Rządy ludzkie na szalach wagi
Część 5: Nieograniczona władza — błogosławieństwo czy przekleństwo?
Autokracja: rządy jednostki dysponującej nieograniczoną władzą. Autorytaryzm: sprawowanie władzy poza kontrolą poddanych; mniej krańcowy niż totalitaryzm. Dyktatura: ustrój, w którym absolutnej władzy panującego nie krępuje prawo ani żadne ciało przedstawicielskie. Totalitaryzm: scentralizowanie nieograniczonej władzy w rękach jednej grupy, oznaczające niemal całkowite podporządkowanie obywateli państwu.
RZĄDY autorytarne skrupulatnie kontrolują jednostkę i pozostawiają jej niewielki zakres wolności osobistej, toteż łatwo przywodzą na pamięć określenie „ciemięskie”, „tyrańskie” i „despotyczne”. Są to skrajnie nacjonalistyczne reżimy, które ściśle nadzorują każdą dziedzinę władzy oraz wszystkich obywateli, jak również zakazują działalności nie popierającej interesów państwa, choćby była zupełnie nieszkodliwa. Niestety, w historii nie brak doniesień o takich rządach.
Różne odcienie autorytaryzmu
W The World Book Encyclopedia czytamy: „Rosja pod rządami carów była niemal absolutną autokracją”. Ale autorytaryzm ma mnóstwo odcieni i nie musi oznaczać absolutyzmu.

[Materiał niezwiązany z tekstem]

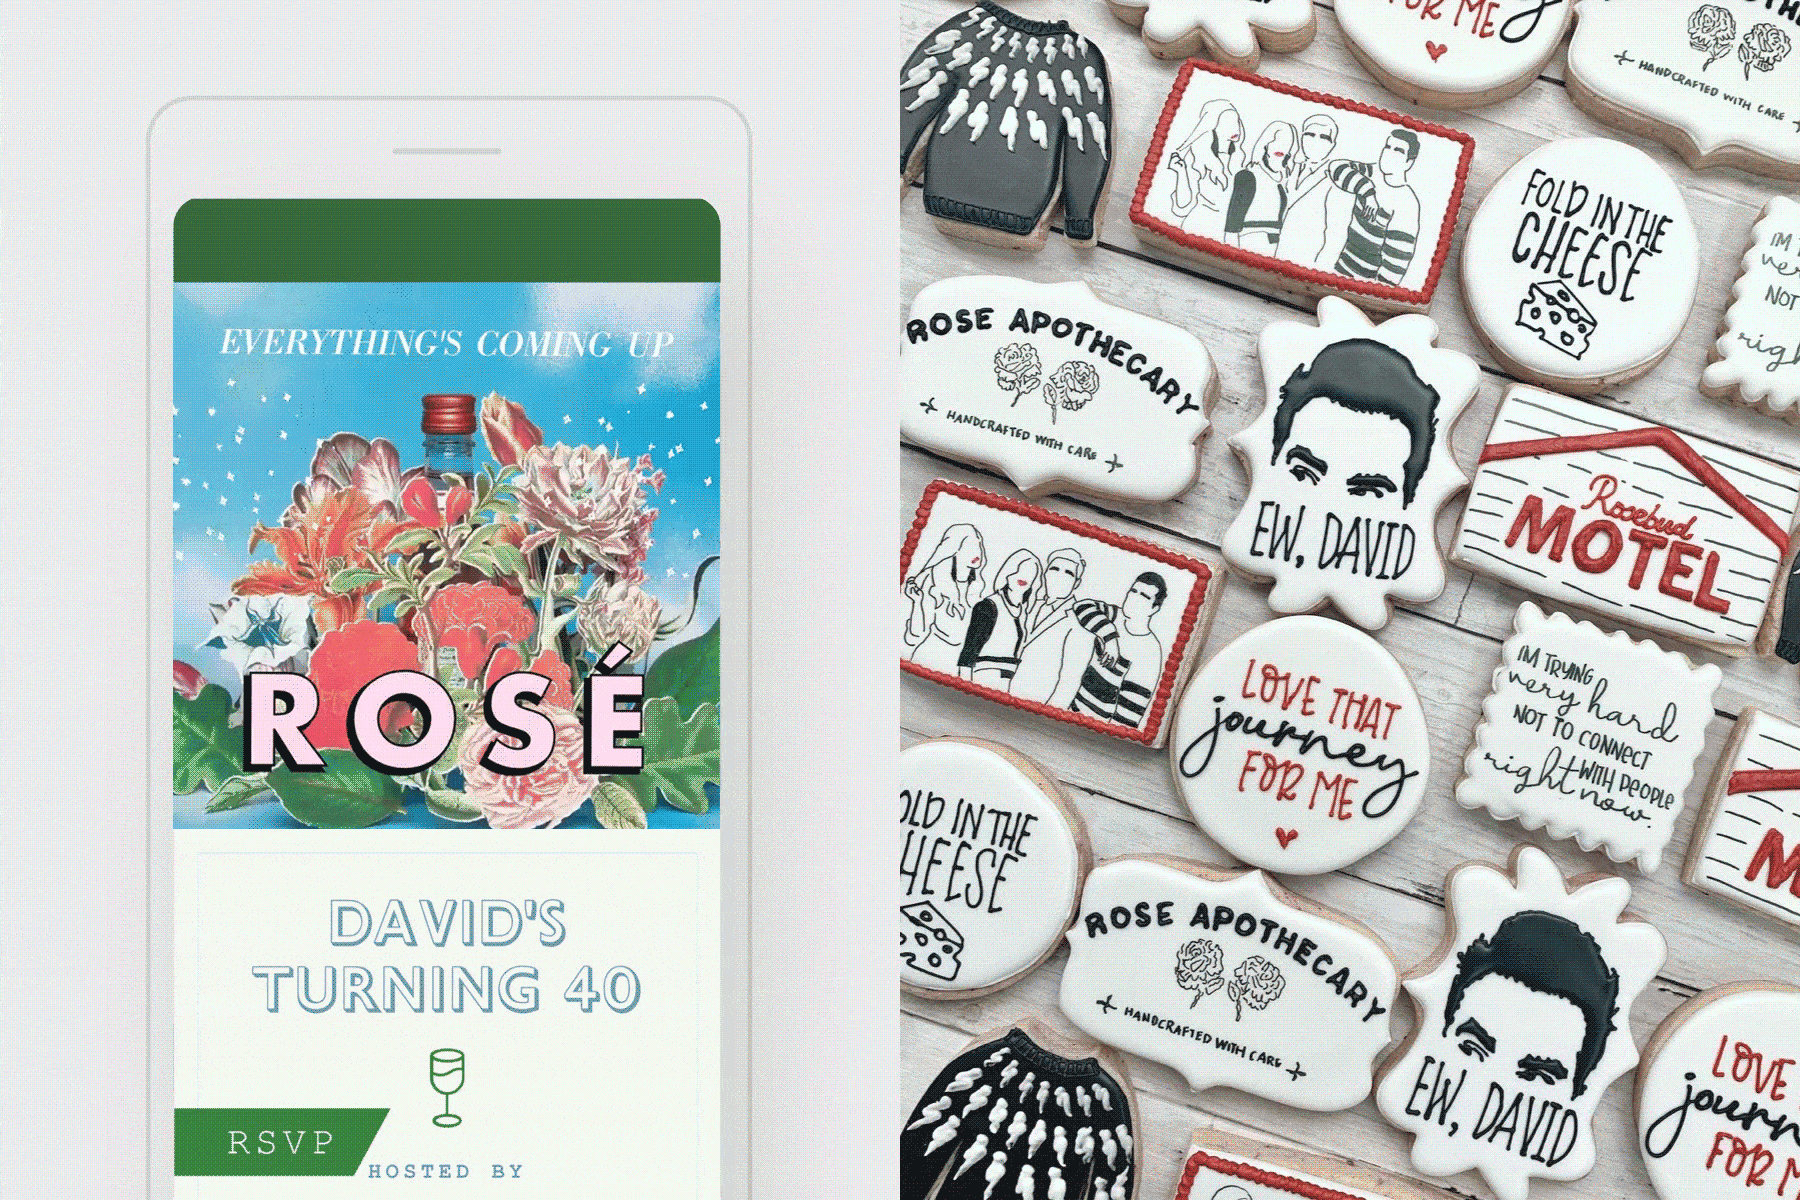 “Coming Up Rosé” Flyer and “Schitt’s Creek” cookies by Siddle Bear Cookies

Nie musi też być autokracją, to znaczy państwem, na którego czele stoi jeden władca — car lub dyktator. Niektóre rządy autorytarne mogą być kierowane przez grupę ludzi, na przykład przez juntę wojskową lub przez elitę oligarchiczną bądź plutokratyczną.
Nawet państwa demokratyczne mogą być rządzone autorytarnie. To prawda, że istnieją w nich partie polityczne, odbywają się wybory, funkcjonują sądy oraz ciało ustawodawcze, na przykład parlament. Niemniej jeśli rząd kontroluje te różne instytucje i zmusza je do posłuchu, to jest autorytarny, bez względu na swą strukturę. Do takiej sytuacji nie musiało dojść w rezultacie celowego działania. Być może podczas wojny czy zamieszek wewnętrznych warunki wymagały przyznania rządowi nadzwyczajnych uprawnień, z których nie zrezygnował po ustaniu przyczyn.
Monarchie to rządy mniej lub więcej autorytarne. Ale zamiast monarchii absolutnych powstawały najczęściej monarchie ograniczone. Ciało ustawodawcze, a niekiedy również konstytucja, ogranicza władzę monarszą, zapobiegając zapędom autorytarnym. Toteż w dzisiejszych monarchiach ludzie cieszą się daleko większą wolnością osobistą niż za panowania dawniejszych władców absolutnych.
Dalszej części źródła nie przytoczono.